Rep. Mike Moon, an Ash Grove Republican
Rep. Mike Moon, an Ash Grove Republican

A Missouri Republican is urging the state Department of Education to ignore an Obama administration directive telling every public school district in the country to allow transgender students to use the bathrooms that match their gender identity.

Rep. Mike Moon, a Republican from Ash Grove, said the federal government is trying to force Missouri to protect “a behavior inconsistent with natural law.” He pointed to the work of a controversial psychiatrist that concluded being transgender is a “a mental disorder that merits treatment.” Moon implored Missouri Education Commissioner Margie Vandeven to “reject the edict without regard to the potential financial costs.”

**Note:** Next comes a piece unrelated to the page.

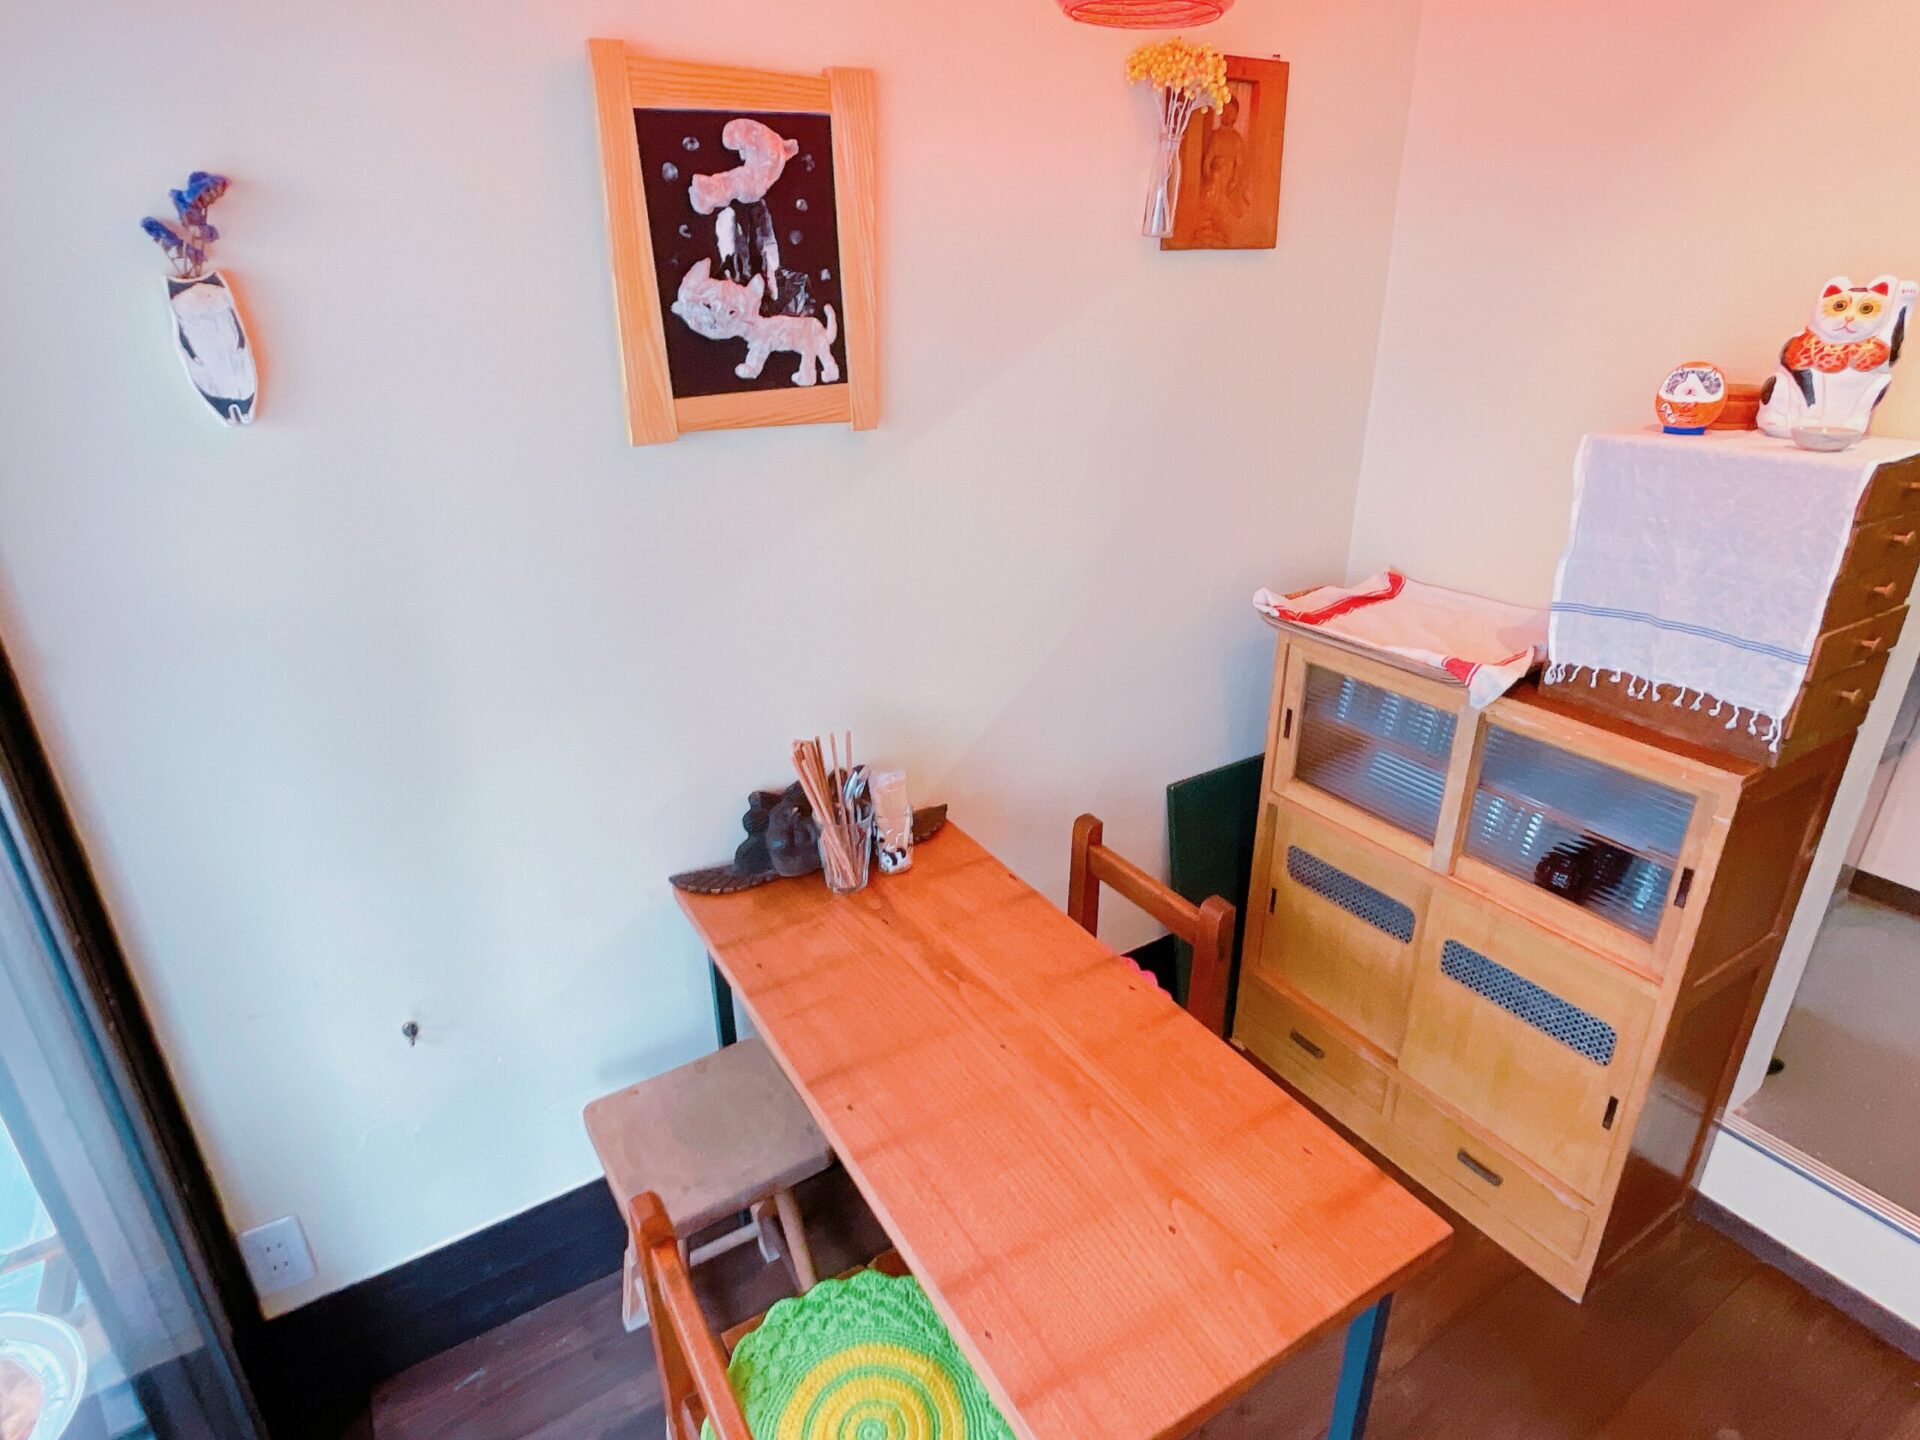 吉祥寺通りのカフェ「ヤマネコロッヂ」のテーブル席

Last week the Obama administration issued its directive, which aims to ensure no students are discriminated against. It doesn’t have the force of law, but it does insinuate that schools that don’t abide by it could face lawsuits or loss of federal funding.

“A school may not require transgender students to use facilities inconsistent with their gender identity or to use individual-user facilities when other students are not required to do so,” the letter to the nation’s school districts says.

Moon, who has garnered public attention in the past for his comparisons of abortion to the Holocaust and for his attempts to block Syrian refugees into Missouri, is not alone in his opposition to the president’s position.

Lt. Gov. Peter Kinder, a Republican running for his party’s nomination for governor, slammed Obama and called his directive “an unprecedented assault on our privacy and safety.” Eric Greitens, a former Navy SEAL also running for the Republican gubernatorial nomination, said the president’s actions were wrong and an “obscene overreach of federal power that must be stopped.”

Rep. Andrew Koenig, a St. Louis County Republican running for state Senate, said the policy would “threaten the health and well-being of students across Missouri.”

Even Attorney General Chris Koster, the Democrat’s presumptive nominee for governor this fall, told the Associated Press that the Obama administration moved “too quickly and too unilaterally.”

That all stands in contrast to U.S. Sen. Claire McCaskill, who told Missourinet earlier this week that she supports the Obama administration’s action.

“To me it’s kind of common sense that you would want to do that,” she said. “I’m not aware of any problem that has occurred because of transgender people using the bathroom with the gender they are identifying and living as.”

Republican lawmakers in the Missouri House and Senate filed bills this year that would have forced schools enforce gender-specific bathrooms and locker rooms. The bills would also have prohibited students from using facilities that do not correspond to the gender on their birth certificates.

None of the bills got much traction, and the session adjourned for the year last week.